The prior authorization system, originally designed to reduce costs by requiring insurance approval for specific treatments and procedures, has become a widespread source of frustration for patients and physicians alike. In recent years, it has come under fire for delaying access to necessary care, denying life-saving procedures, and contributing to physician burnout. Estimates suggest that over 85% of Americans have encountered such delays, and data from 2023 revealed 3.2 million denials within Medicare Advantage plans alone—delays affecting 32 million enrollees, often with severe consequences.

Physicians, according to CMS data, now spend an average of 12 hours each week managing roughly 40 prior authorization cases, compounding stress, eroding trust in the system, and draining resources from direct patient care. The burden has sparked calls for reform across the political spectrum, with Kennedy framing the announcement as a culmination of long-standing efforts to correct a system that punishes patients in moments of vulnerability.

The agreement, which includes UnitedHealthcare, Aetna, Cigna, Humana, Centene, Elevance Health, Guidewell, the Blue Cross Blue Shield Association, and the trade group America’s Health Insurance Plans, encompasses nearly 80% of insured Americans. Participating insurers have pledged to adopt electronic prior authorization using FHIR-based interfaces, reduce the number of procedures requiring prior approval by early 2026, preserve prior authorizations through insurance transitions, and dramatically expand the use of real-time decisions—most of which are expected to be approved instantly by 2027.

All clinical denials will be reviewed by qualified medical professionals, and new standards for transparency and appeals will be enforced through CMS oversight and deadline-driven accountability mechanisms. The deal is structured with measurable benchmarks and external monitoring to avoid the shortcomings of earlier efforts.

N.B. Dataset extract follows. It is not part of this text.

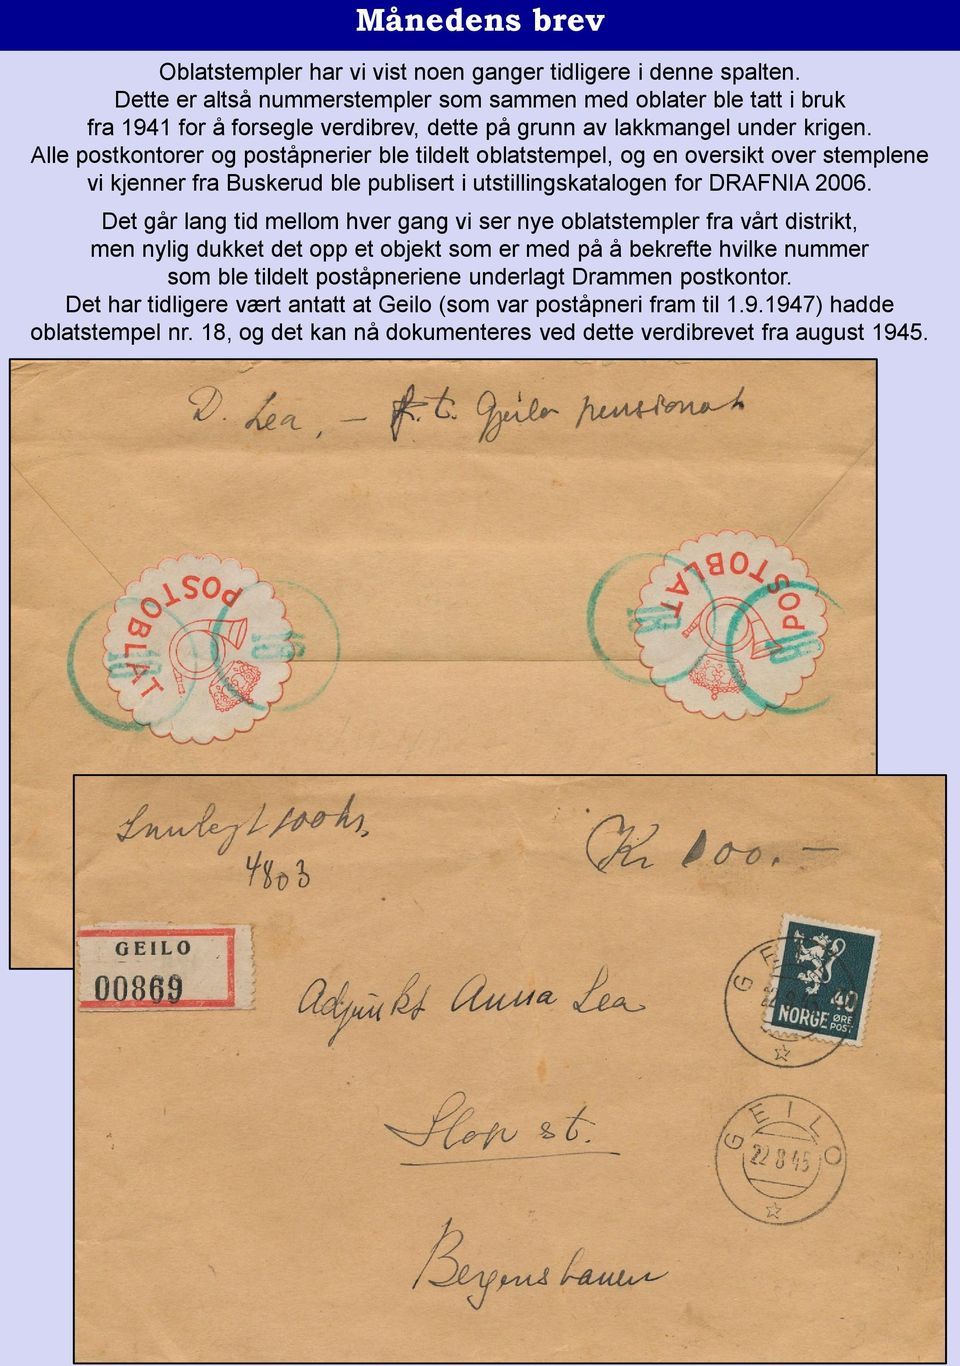 Alle postkontorer og poståpnerier ble tildelt oblatstempel, og en oversikt over stemplene vi kjenner fra Buskerud ble publisert i utstillingskatalogen for DRAFNIA 2006.
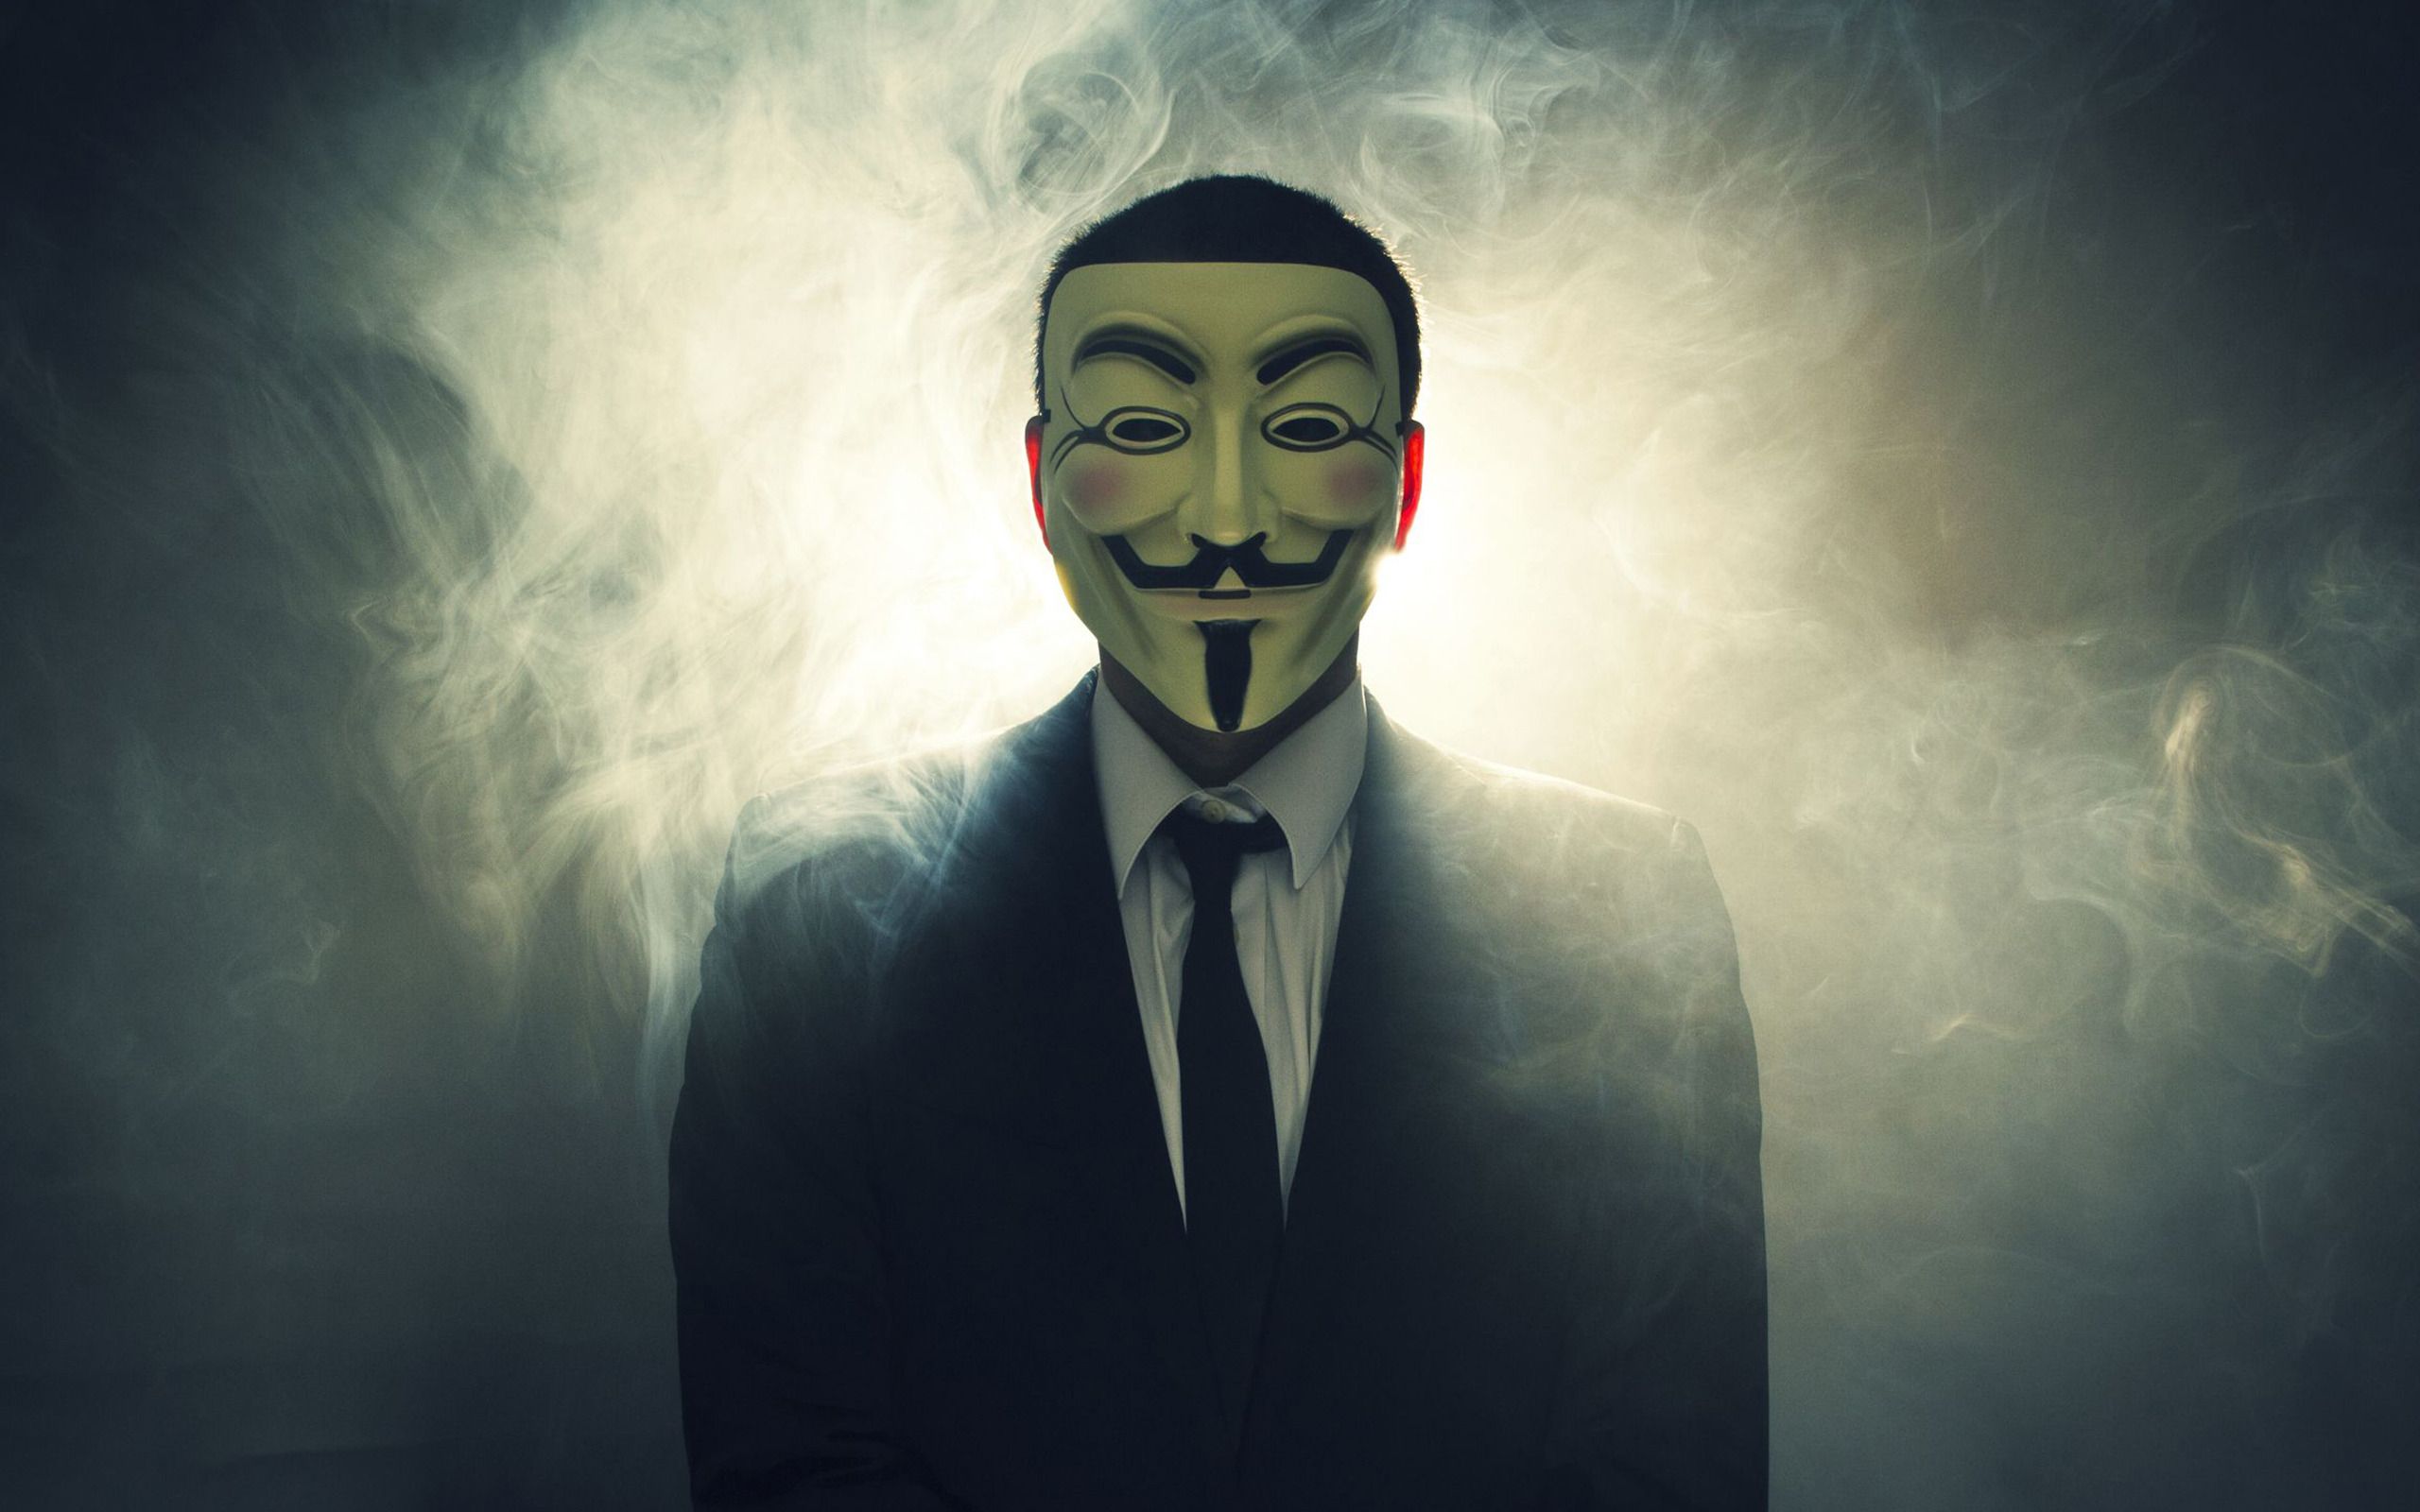 Minds : un réseau social sécurisé recommandé par les Anonymous

The announcement also drew comparisons to prior reform efforts, particularly a 2018 initiative launched during the Trump administration that failed to produce lasting change. This latest agreement, however, incorporates enforceable obligations, timeline guarantees, and federal scrutiny to ensure compliance.

Kennedy highlighted past failures, including a case in which a New Jersey patient with severe heart failure was denied a critical medical device despite transplant approval. The patient ultimately received the intervention, but the doctor was sued—a case that underscored the ethical and legal risks physicians face under the current system.

The initiative marks Kennedy’s first major health insurance reform since assuming office as HHS Secretary. He acknowledged President Donald Trump’s role in setting the stage for insurer cooperation, attributing the breakthrough to a climate of executive resolve and political pressure for results over rhetoric.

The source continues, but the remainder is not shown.